The main problem is simply self-control. In the premiere episode, which was shown on Fox last night at 9 EDT, the manager of a family-owned Italian restaurant did no work at all, skimmed huge amounts of money on a regular basis even when the resturant was operating at a loss (which was most of the time), and regularly threatened both bill collectors and kitchen staff with grevious bodily harm—he’s a huge, muscular guy who is both immensely vain and going to seed.
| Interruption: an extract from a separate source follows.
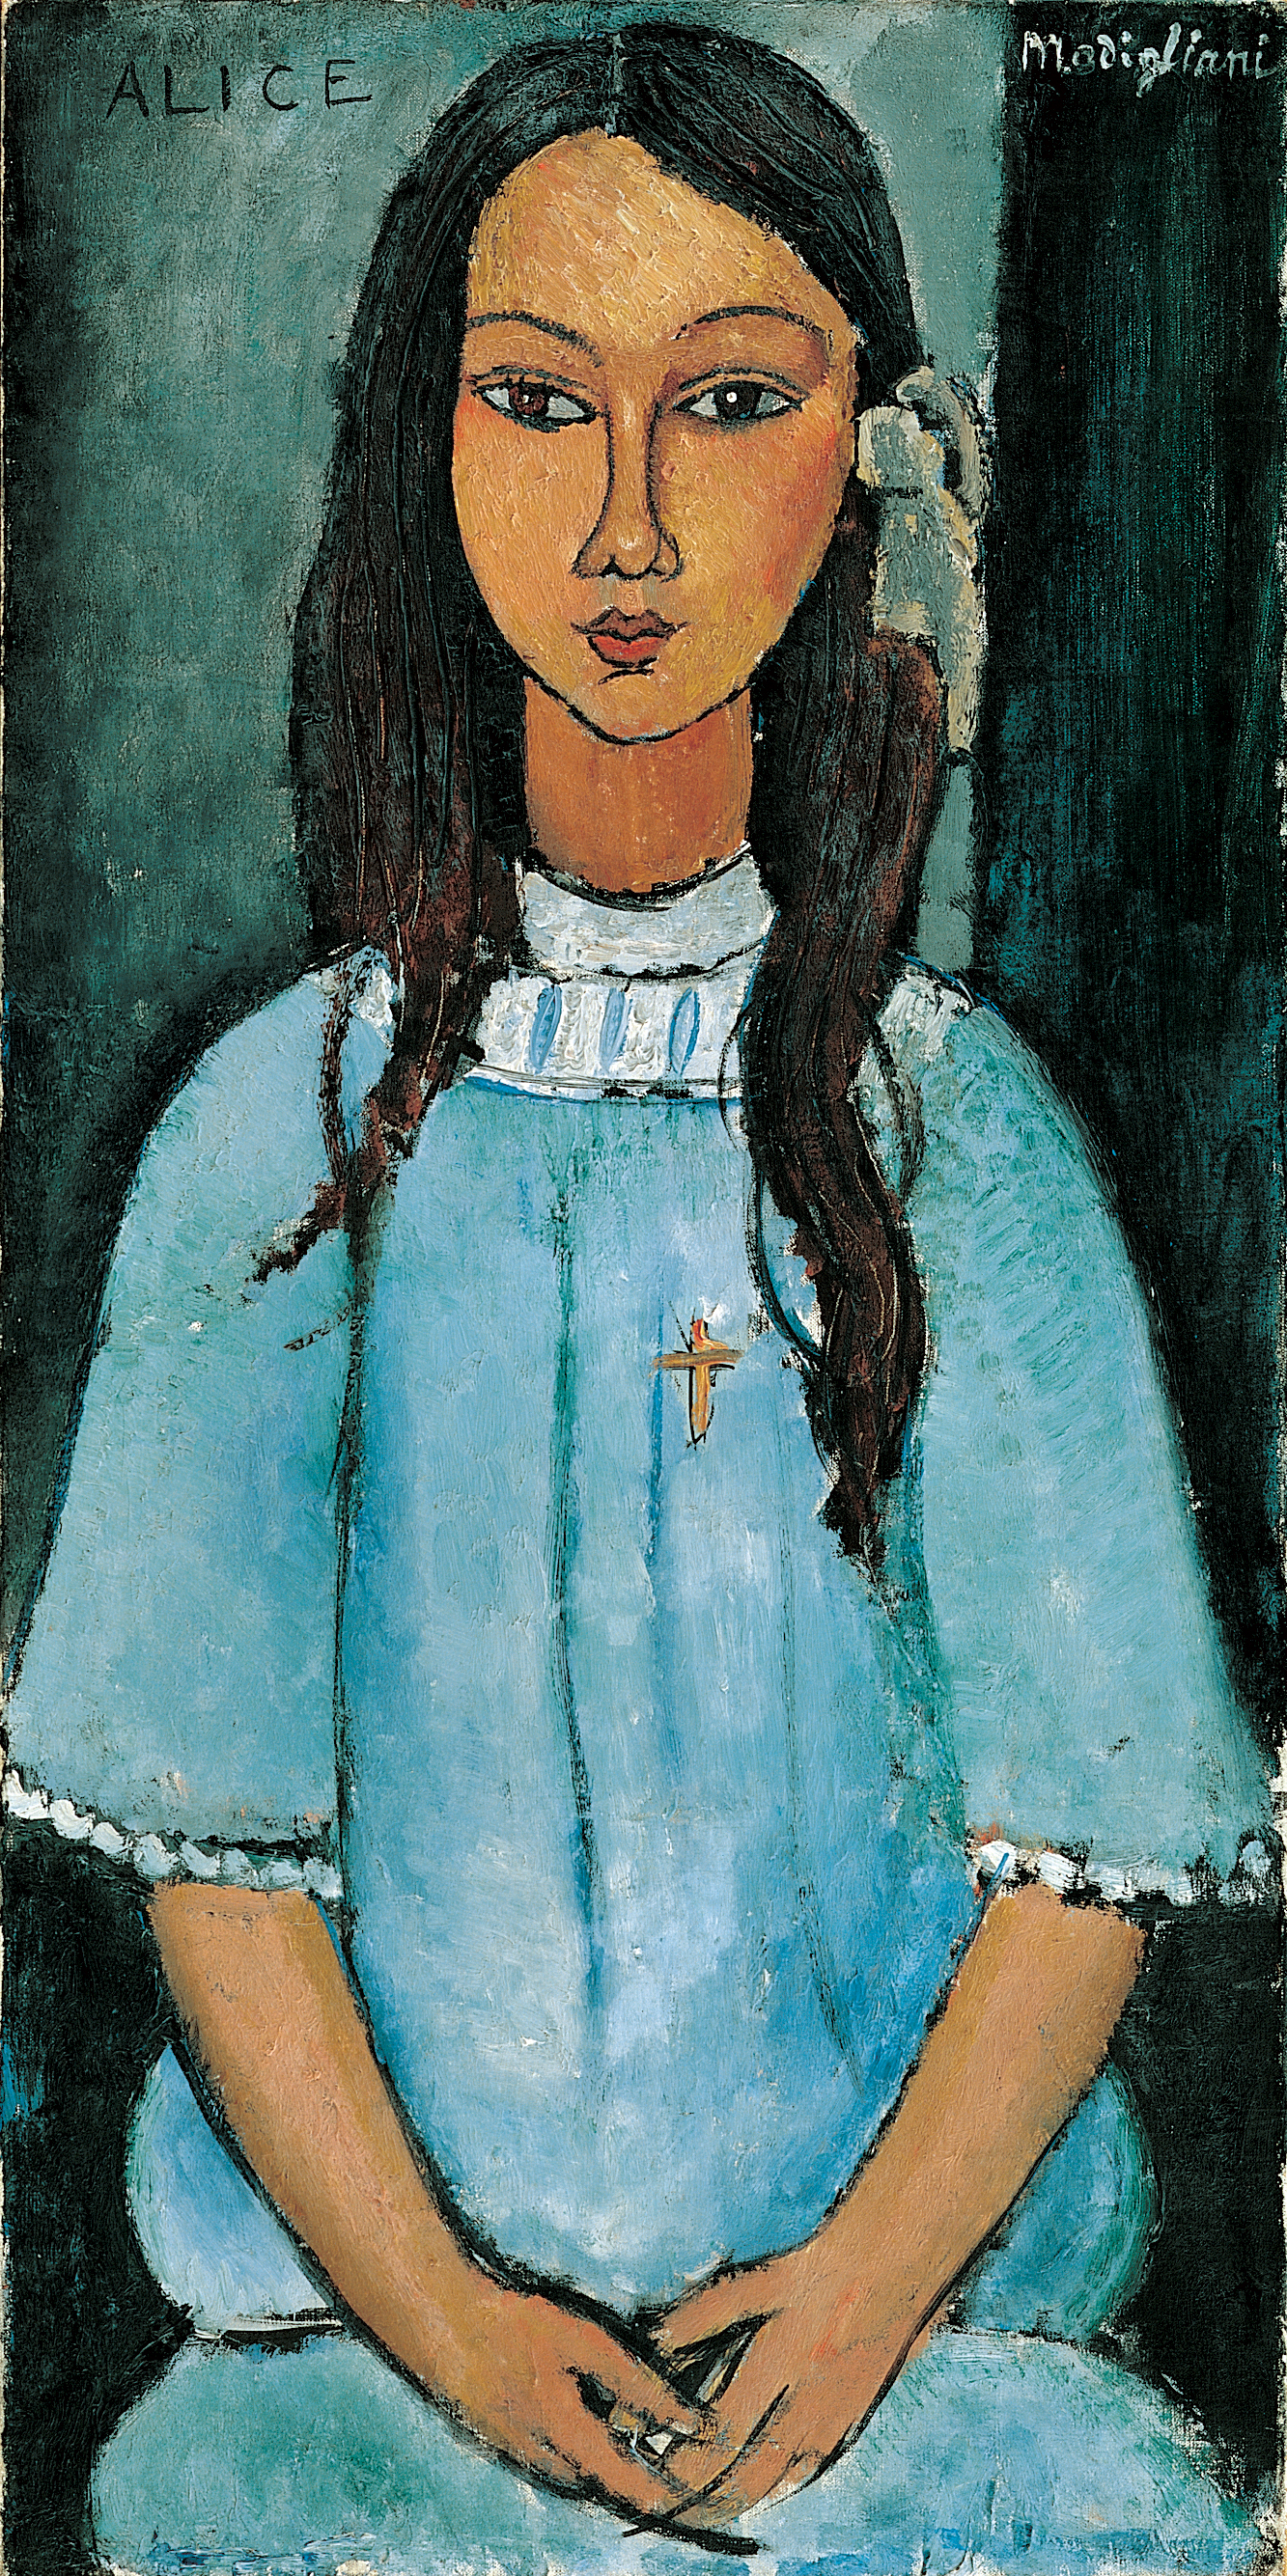 愛麗絲 by Amedeo Modigliani - 1918 - 39 x 78.5 cm

Ultimately, after a good many ghastly revelations and amazing personal conflicts among all parties, plus a jarring sequence reminscent of Extreme Makeover: Home Edition (in which the owners go all gooey and weak-need at Ramsay’s supplying them with a new, actually functioning kitchen), Ramsay gets the group working together to put out a new, homestyle menu and stop poisoning people.
Even the thuglike manager changes his ways, and all is well at the end. It’s a very American story in which the central characters ultimately put aside their selfish ways and learn to work together for the greater good. It’s also not the least bit convincing, as one must seriously doubt that the manager will remain on good behavior for very long.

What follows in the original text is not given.